My own view is that the tax cut – or any fiscal policy – will have a positive effect on employment only as long as the economy remains close to a liquidity trap. That is, once the Fed is no longer constrained in how much it can cut interest rates, fiscal policy adds nothing to the ability of policy to achieve full employment. Now most forecasts presume that we’ll be out of the trap by next year – that is, before most of the supposed job creation from the tax cut takes place. Even if you’re more pessimistic than that, we’re probably looking at only 1-2 years when fiscal policy creates jobs.

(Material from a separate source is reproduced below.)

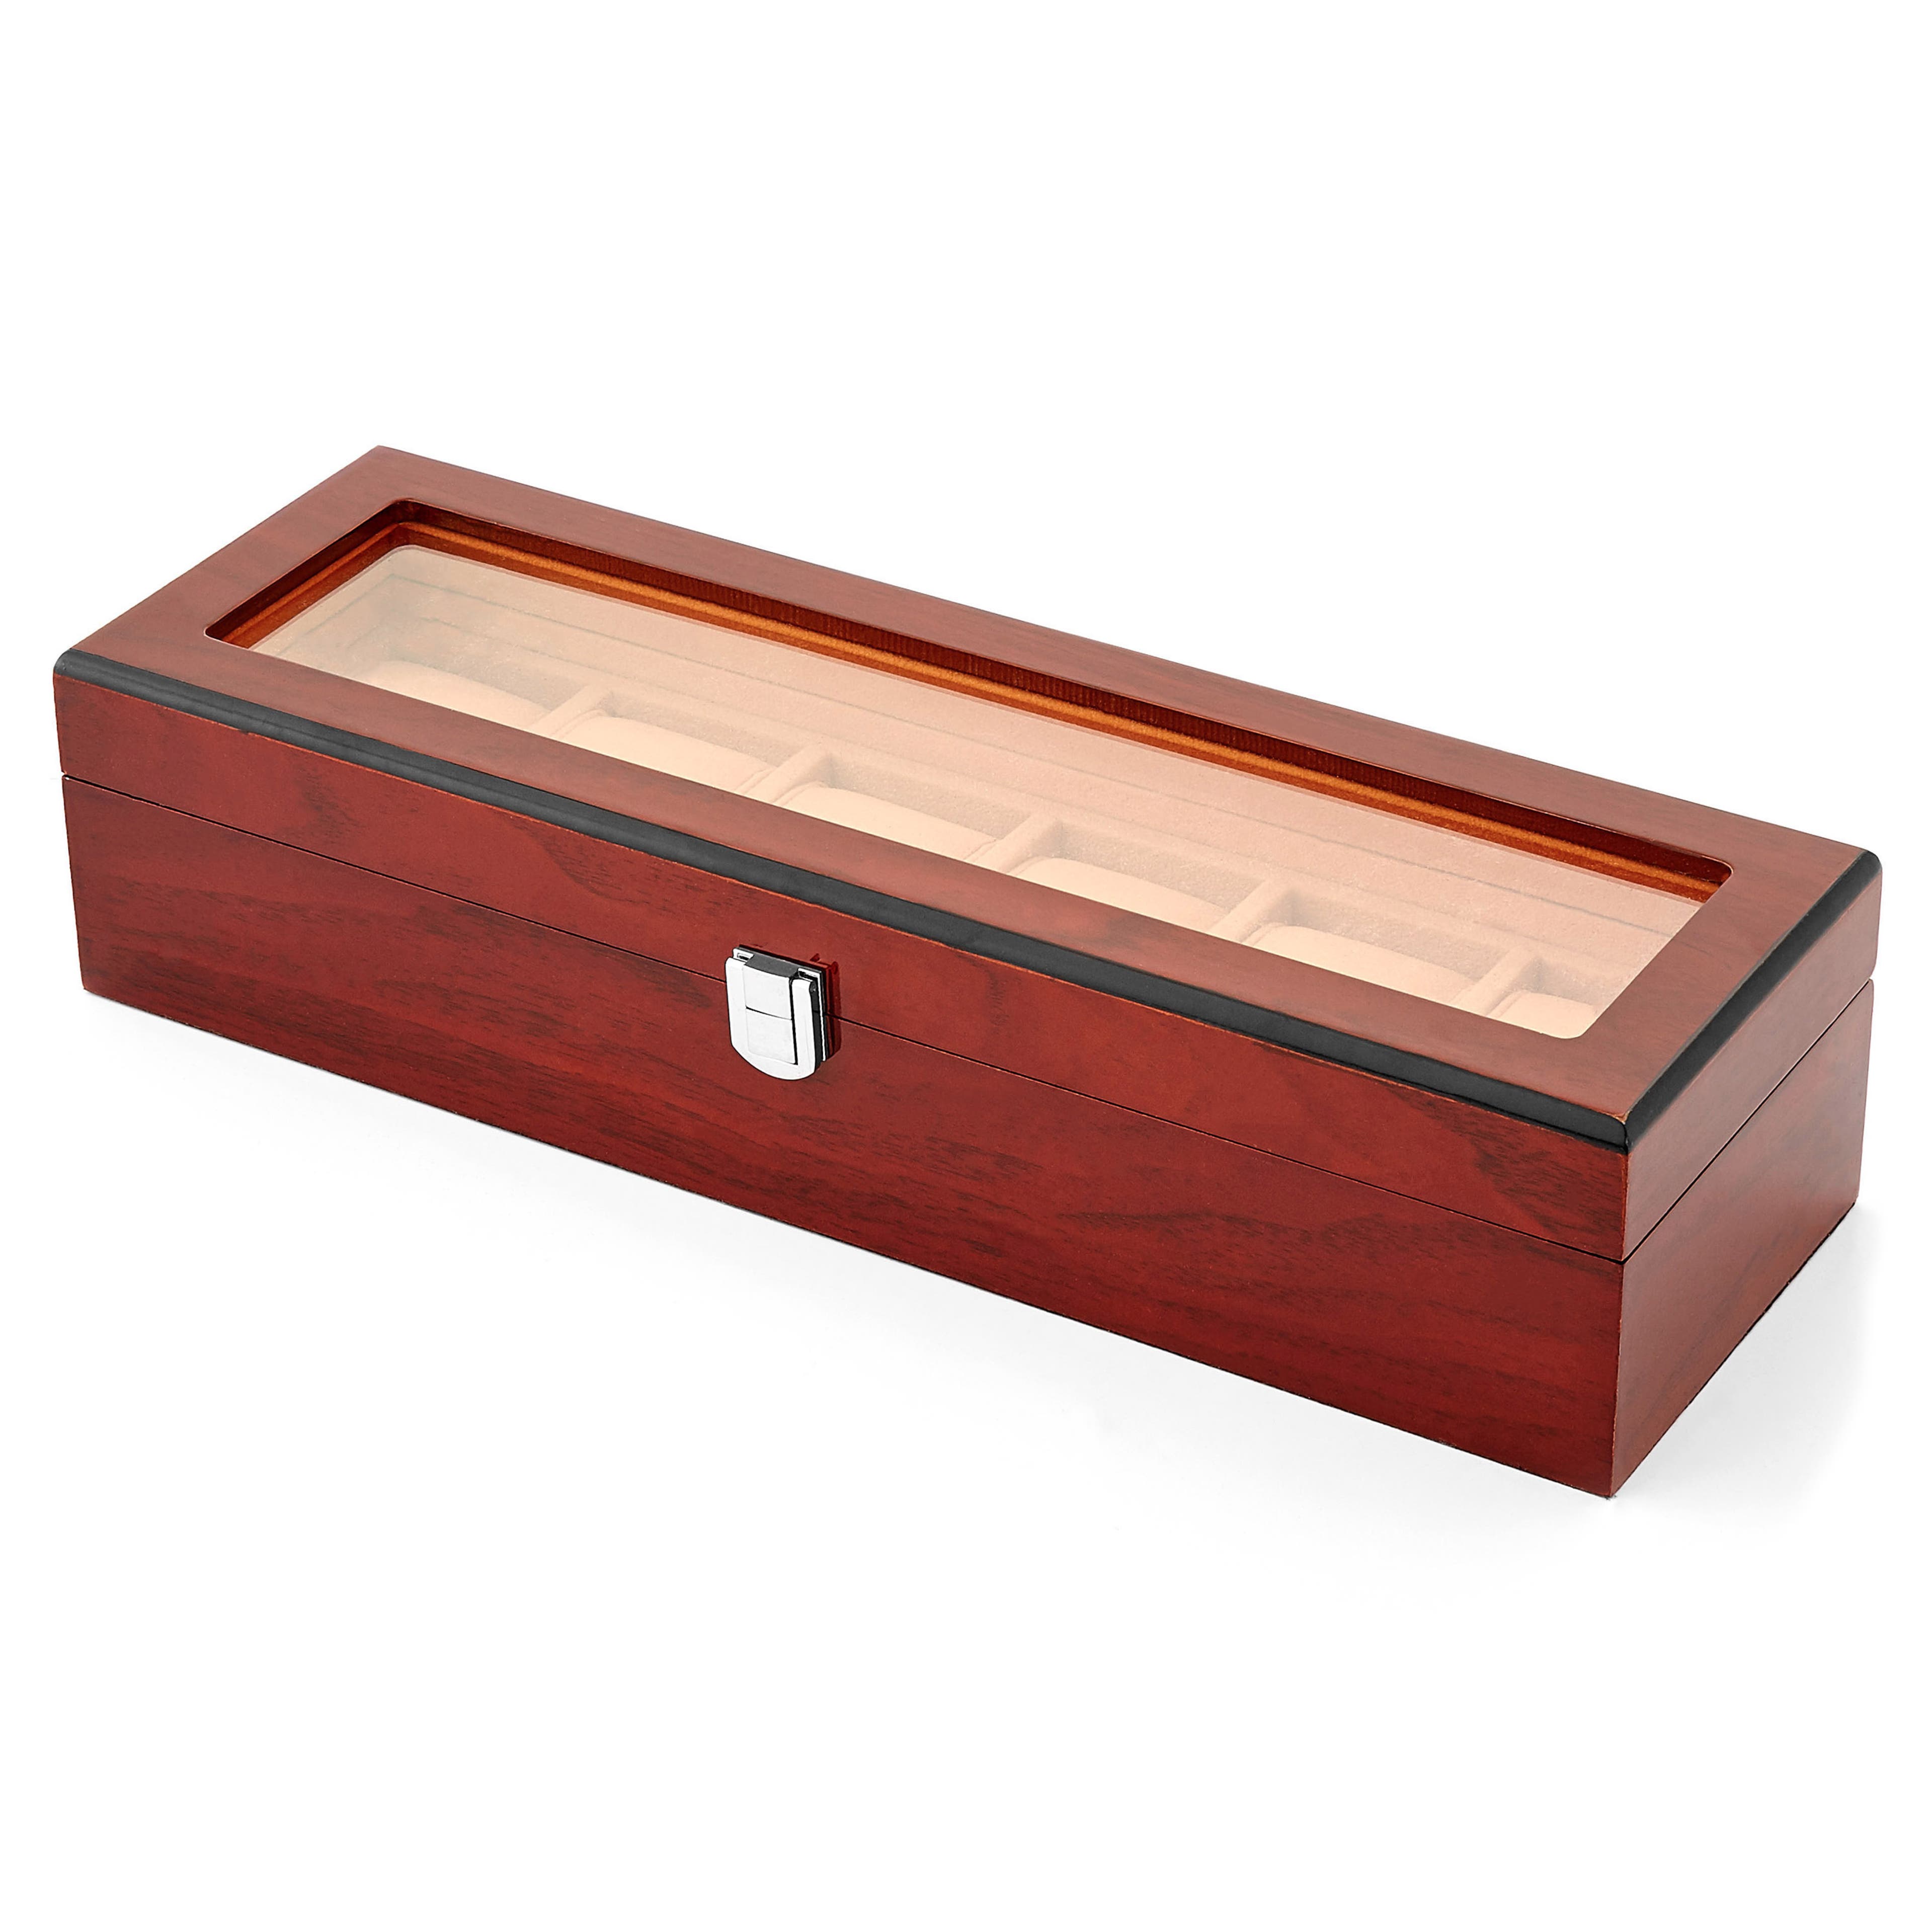 Luxusní box na hodinky z červeného dřeva - 6 hodinky

Krugman is basically arguing for a classical monetarist view of macroeconomics. In that view, aggregate demand policy only affects employment for a short period of time, because the economy has internal adjustment mechanisms that cause it to return to what Milton Friedman once called the “natural rate” of unemployment. Moreover, if the monetary authorities are free to set goals for macroeconomic targets, they can offset fiscal policy changes, meaning that the latter have no effect even in the short run.

Just to give fiscal policy a sporting chance in the short run, Krugman posits that we are in a liquidity trap, so that monetary authorities are not completely free to control aggregate demand. I happen to disagree with the view that we are in such a trap, but that is beside the point here.

The bottom line is that in anything like a classical macroeconomic model, there is no long-term stimulus to employment from fiscal policy. Tax cuts can improve the economy if and only if there are supply-side benefits.

On the issue of supply-benefits, Krugman would be prepared to point out that the adverse impact of a larger deficit outweighs the positive effects of lower tax rates. I believe that such an economic argument is valid, important, and typically overlooked by supply-side economists. The mainstream economic view would be that, generally speaking, in order to realize the supply-side benefits of tax cuts, the government needs to reduce spending below what it otherwise would have been.

For Discussion. If a fiscal expansion leads to gains in employment that last two years or less, should economists be doing more to educate the public about the case against fiscal activism? Should we be arguing that the job of maintaining full employment falls outside the responsibilities of Congress and the President?